Methods: Participants were evaluated with the 40-item University of Pennsylvania Smell Identification Test (UPSIT). Follow-up occurred at 2-year intervals with information on death obtained from informant interviews and the National Death Index.

Results: During follow-up (mean = 4.1 years, standard deviation = 2.6), 349 of 1,169 (29.9%) participants died. Participants who died were more likely to be older (p < 0.001), be male (p < 0.001), have lower UPSIT scores (p < 0.001), and have a diagnosis of dementia (p < 0.001). In a Cox model, the association between lower UPSIT score and mortality (hazard ratio [HR] = 1.07 per point interval, 95% confidence interval [CI] = 1.05-1.08, p < 0.001) persisted after controlling for age, gender, education, ethnicity, language, modified Charlson medical comorbidity index, dementia, depression, alcohol abuse, head injury, smoking, body mass index, and vision and hearing impairment (HR = 1.05, 95% CI = 1.03-1.07, p < 0.001). Compared to the fourth quartile with the highest UPSIT scores, HRs for mortality for the first, second, and third quartiles of UPSIT scores were 3.81 (95% CI = 2.71-5.34), 1.75 (95% CI = 1.23-2.50), and 1.58 (95% CI = 1.09-2.30), respectively. Participant mortality rate was 45% in the lowest quartile of UPSIT scores (anosmia) and 18% in the highest quartile of UPSIT scores.

Interpretation: Impaired odor identification, particularly in the anosmic range, is associated with increased mortality in older adults even after controlling for dementia and medical comorbidity.

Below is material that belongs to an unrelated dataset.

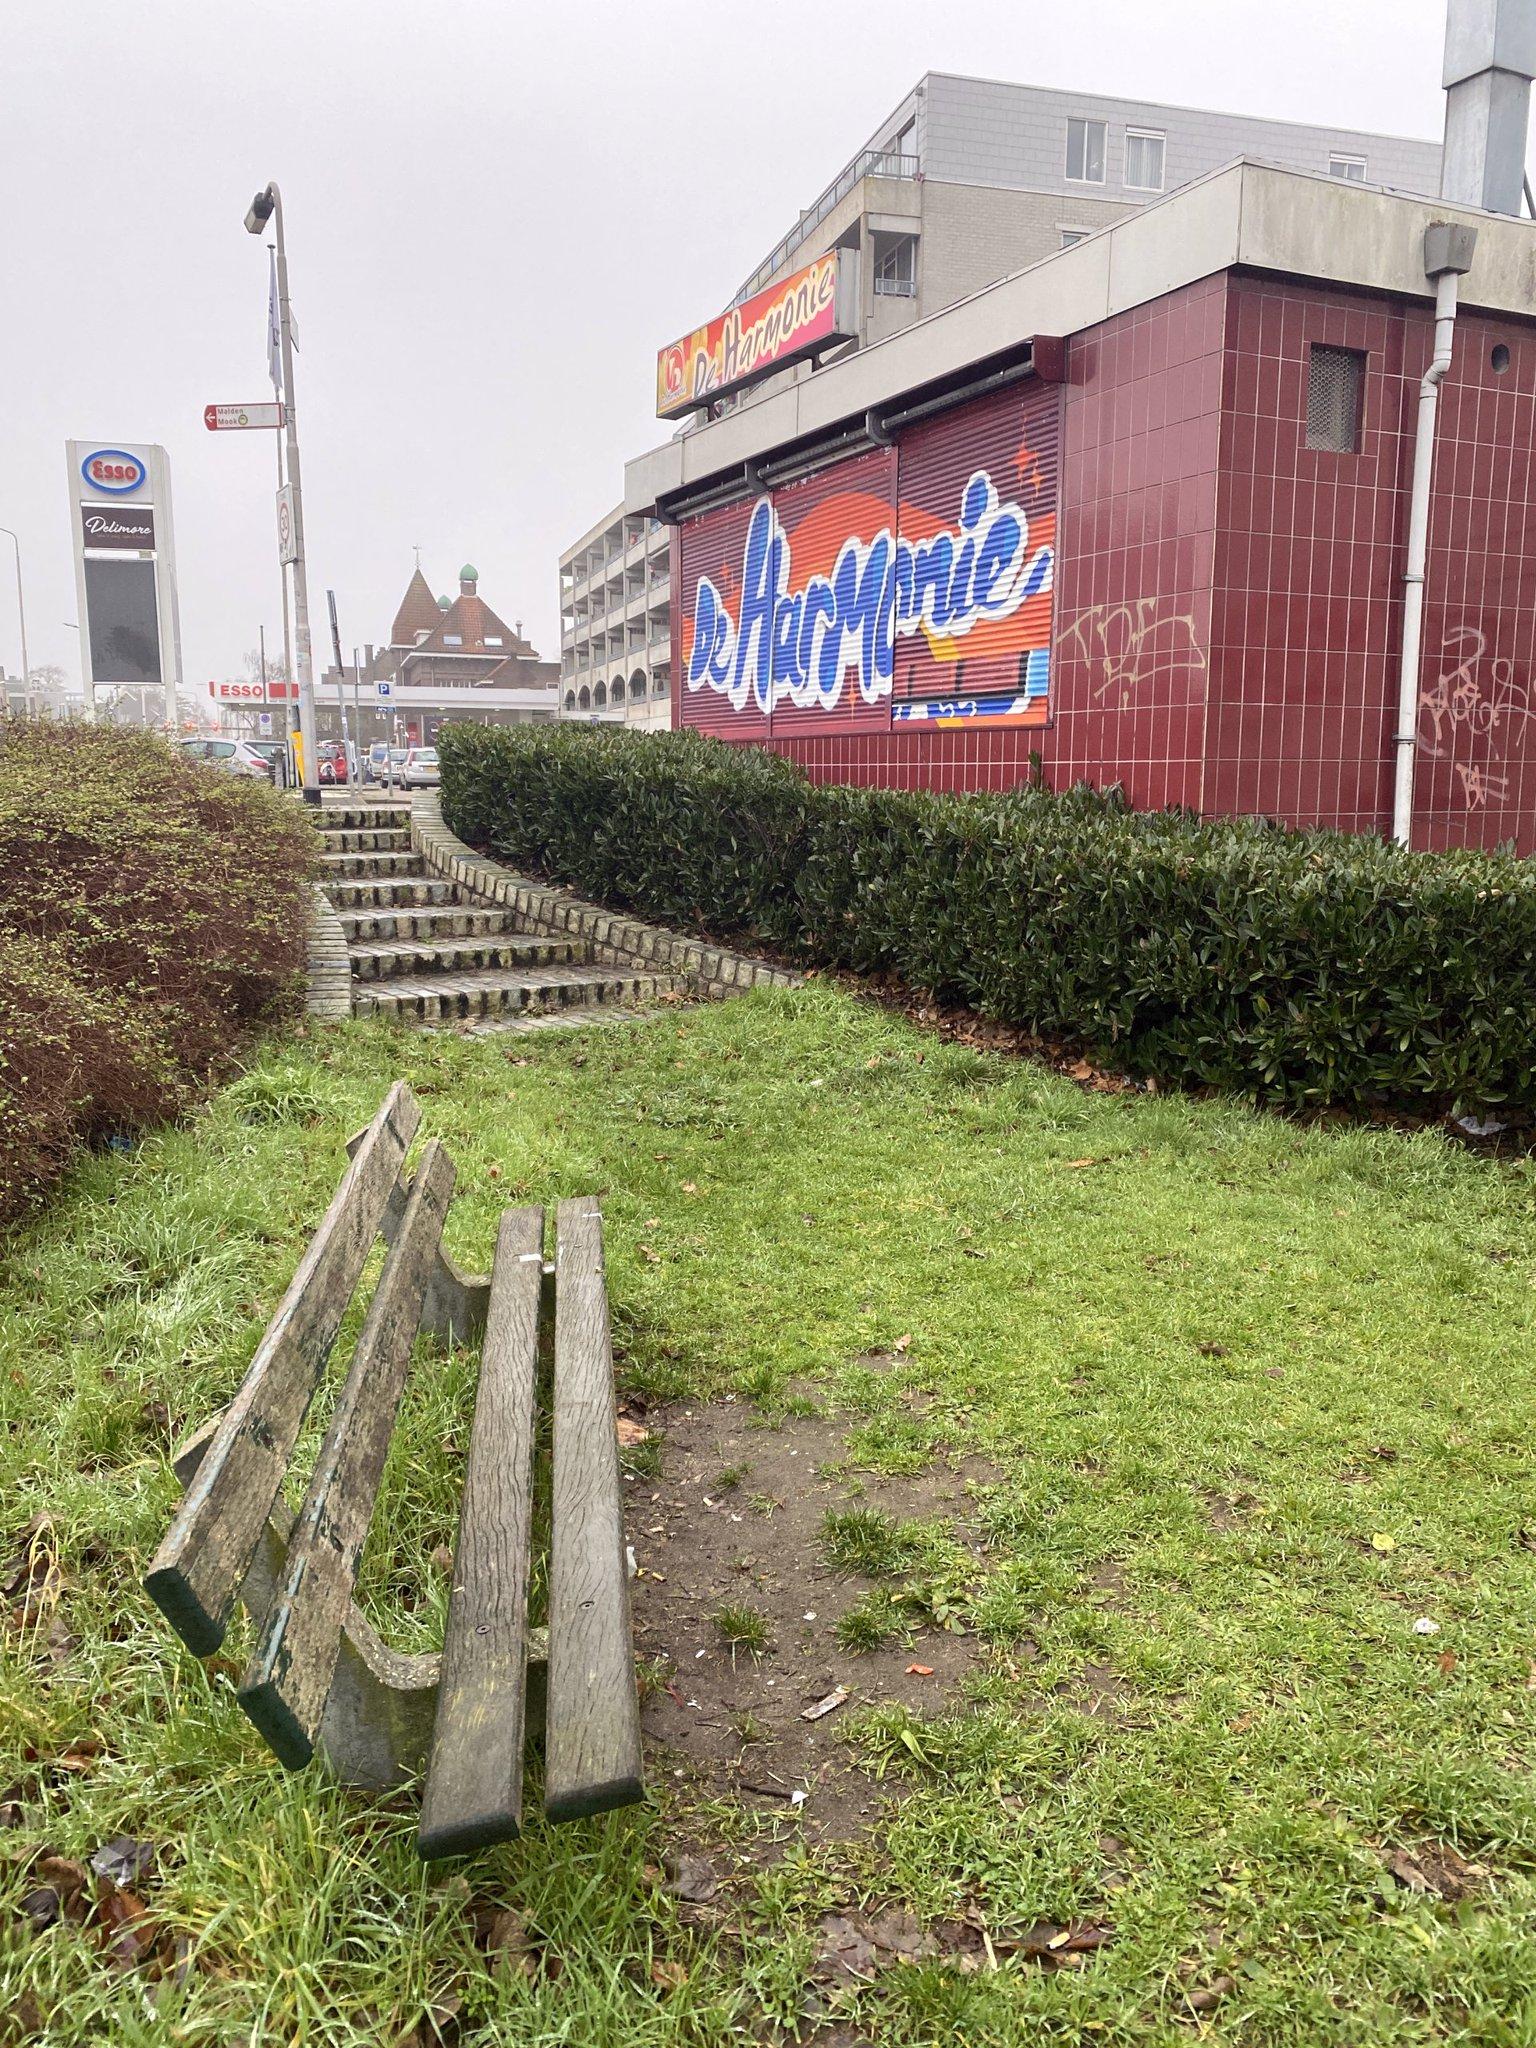 rt-arthurskm-voor-wandelbankjes-en-walkersbenches-bij-de-sint-annastraat-in-nijmegen-ter-hoogte-van-de-friettent-https-t-co-axn

Conflict of interest statement

Potential Conflicts of Interest

D.P. Devanand has received consulting fees from AbbVie and Lundbeck. Richard Doty is President and major shareholder of Sensonics, Inc., a manufacturer and distributor of tests of taste and smell, including the UPSIT. Richard Doty has received publishing royalties from Cambridge University Press and Johns Hopkins University Press, and an honorarium from the University of Florida and lodging reimbursement as Chairperson of the Other Non-Motor Features of Parkinson’s Disease working group of the Parkinson Study Group. He has received consulting fees from Pfizer, Inc., Acorda Therapeutics and several law offices. There are no other conflicts of interest.

Figures

Figure 1
Figure 1
Mortality rates during follow-up by baseline UPSIT score quartiles. UPSIT (range 0–40) quartile scores: [0–20], [20–26], [26–31] and [31–40]. For maximum available follow-up, the UPSIT score was significantly associated with mortality (chisq=54.25, p < .001). For study participants, mortality rates were 45.36% in the highest quartile, 28.75% and 20.63% in the next two quartiles, respectively, and 18.39% in participants with the lowest quartile of UPSIT scores as shown in the four bar charts in the figure.
Figure 2
Figure 2
Cumulative Hazard Function for mortality during follow-up for participants with baseline UPSIT scores at the 10th and 90th percentiles in the sample (total n=1169). Cumulative hazard function from Cox proportional hazard regression analyses for baseline UPSIT scores at the 10th percentile (UPSIT score=15, solid line) and the 90th percentile (UPSIT score=34, dotted line) with death as the outcome, adjusted for the following covariates: age, gender, education, race/ethnicity, language of test administration, Charlson comorbidity index, dementia status, depression, head injury, alcohol use, BMI, smoking history. The gray shaded areas are the 95% confidence intervals of the cumulative hazard functions.